§ WHAT TO DO: Every line of the data below is to be duplicated exactly, pictures excepted.

§ GIVEN MATERIAL:
---
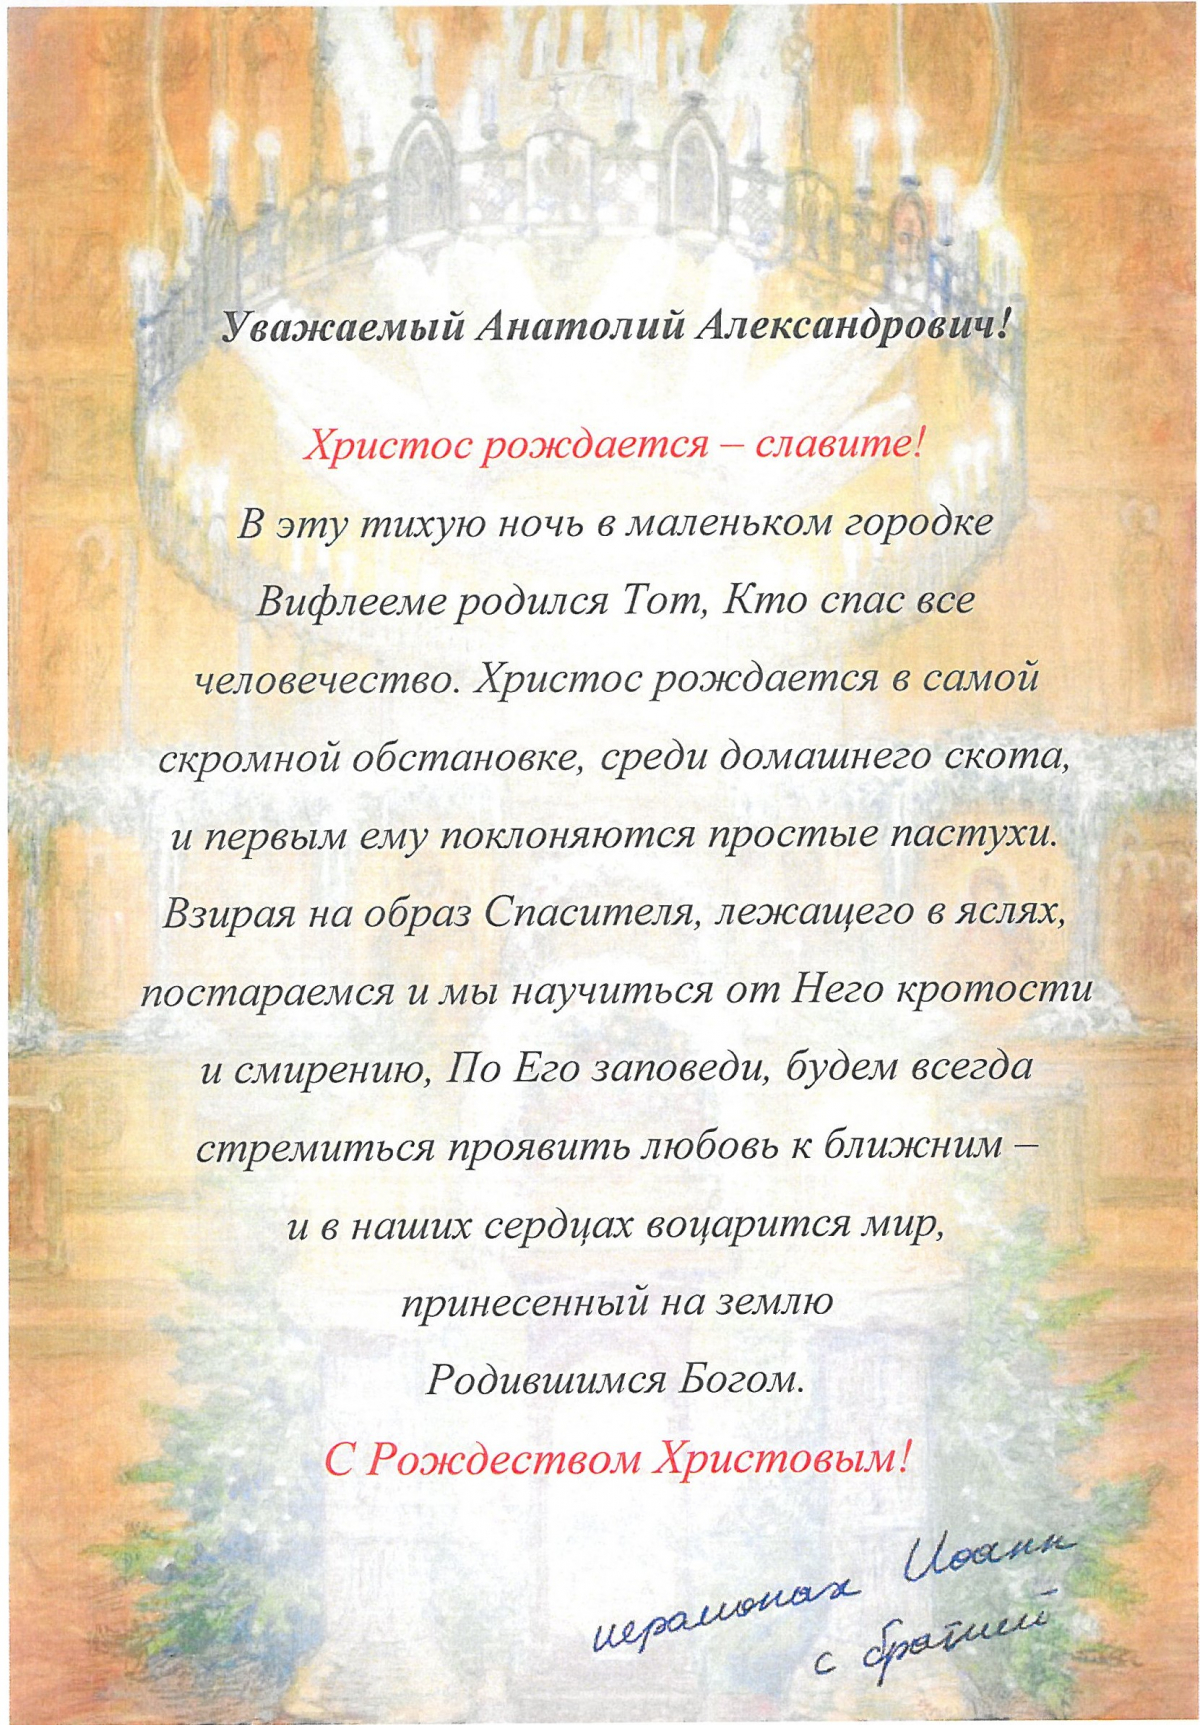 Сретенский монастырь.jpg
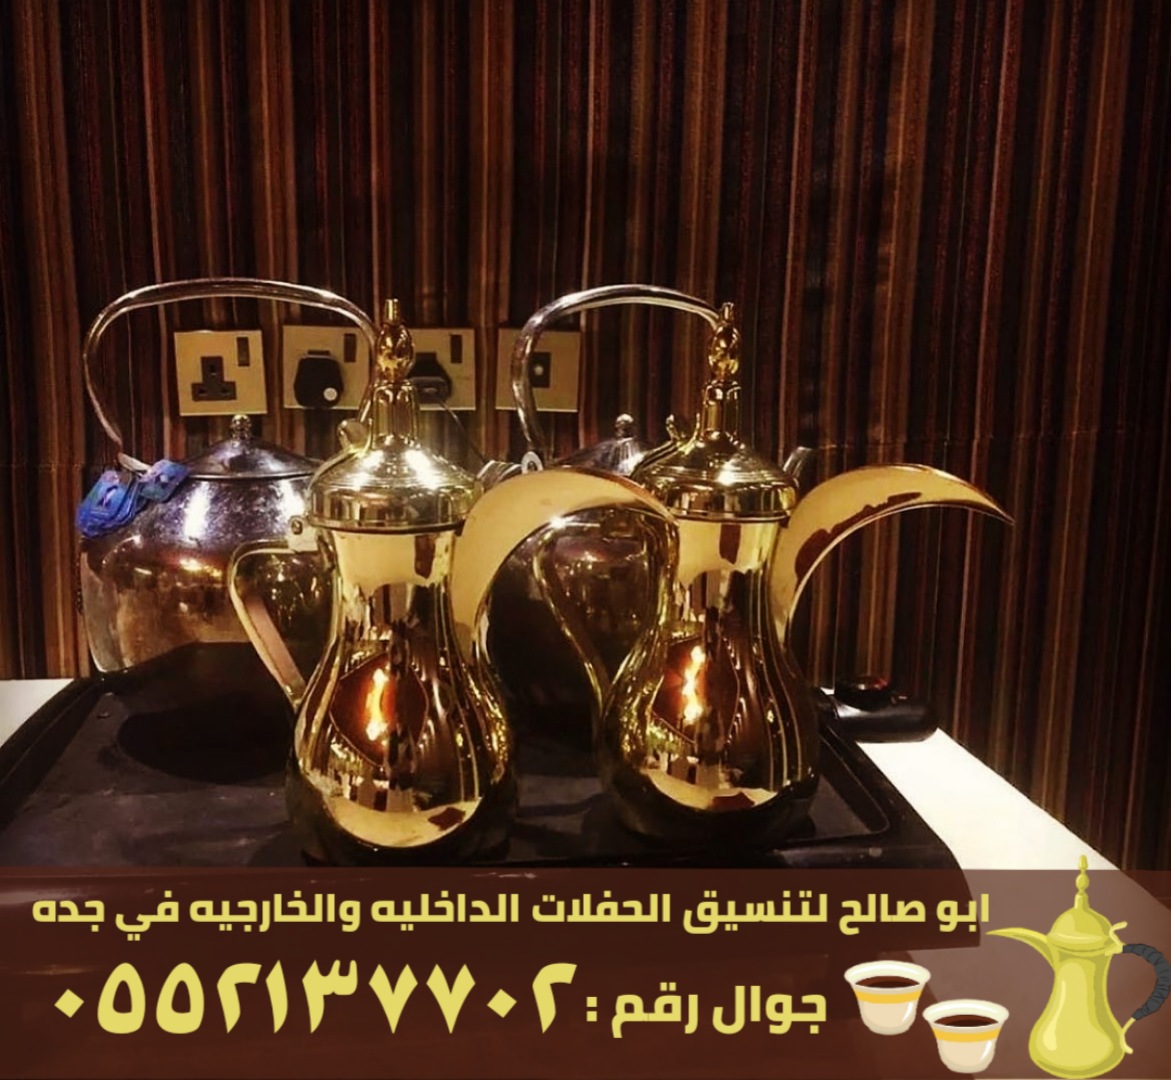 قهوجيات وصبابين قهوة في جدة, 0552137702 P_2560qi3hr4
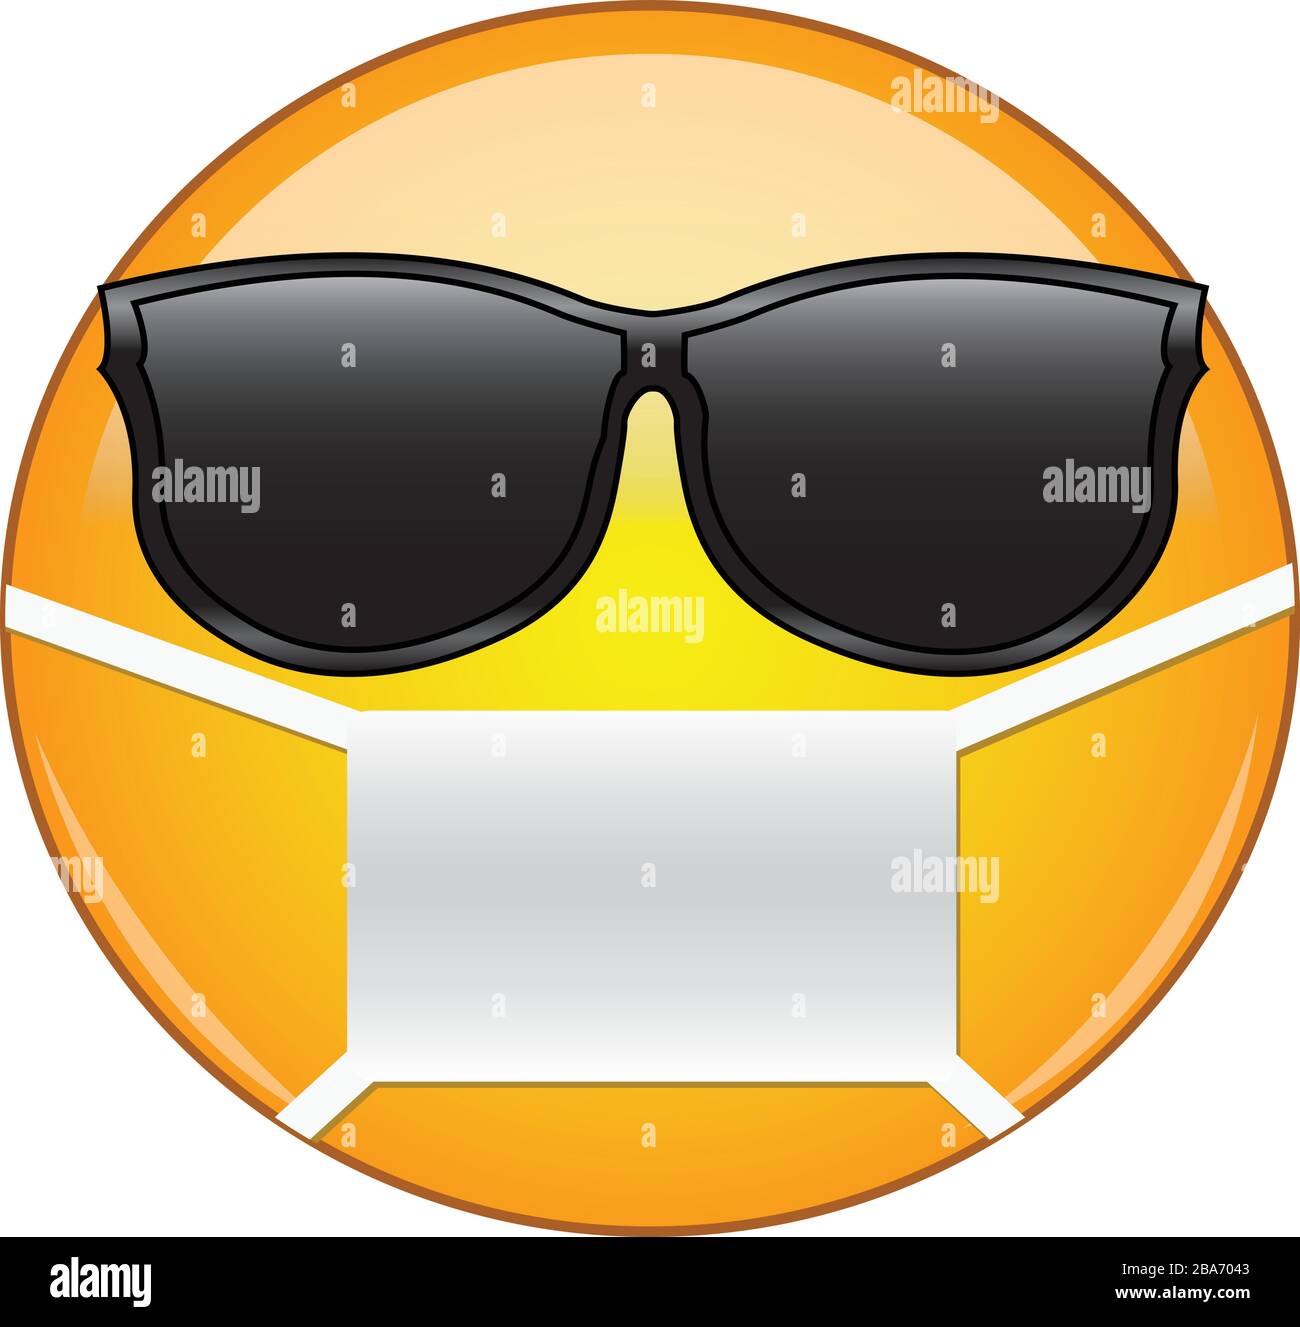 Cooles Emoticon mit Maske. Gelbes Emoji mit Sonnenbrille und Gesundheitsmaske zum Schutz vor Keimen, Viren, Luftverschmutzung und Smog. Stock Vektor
---
§ OUTPUT:
 Сретенский монастырь.jpg
 قهوجيات وصبابين قهوة في جدة, 0552137702 P_2560qi3hr4
 Cooles Emoticon mit Maske. Gelbes Emoji mit Sonnenbrille und Gesundheitsmaske zum Schutz vor Keimen, Viren, Luftverschmutzung und Smog. Stock Vektor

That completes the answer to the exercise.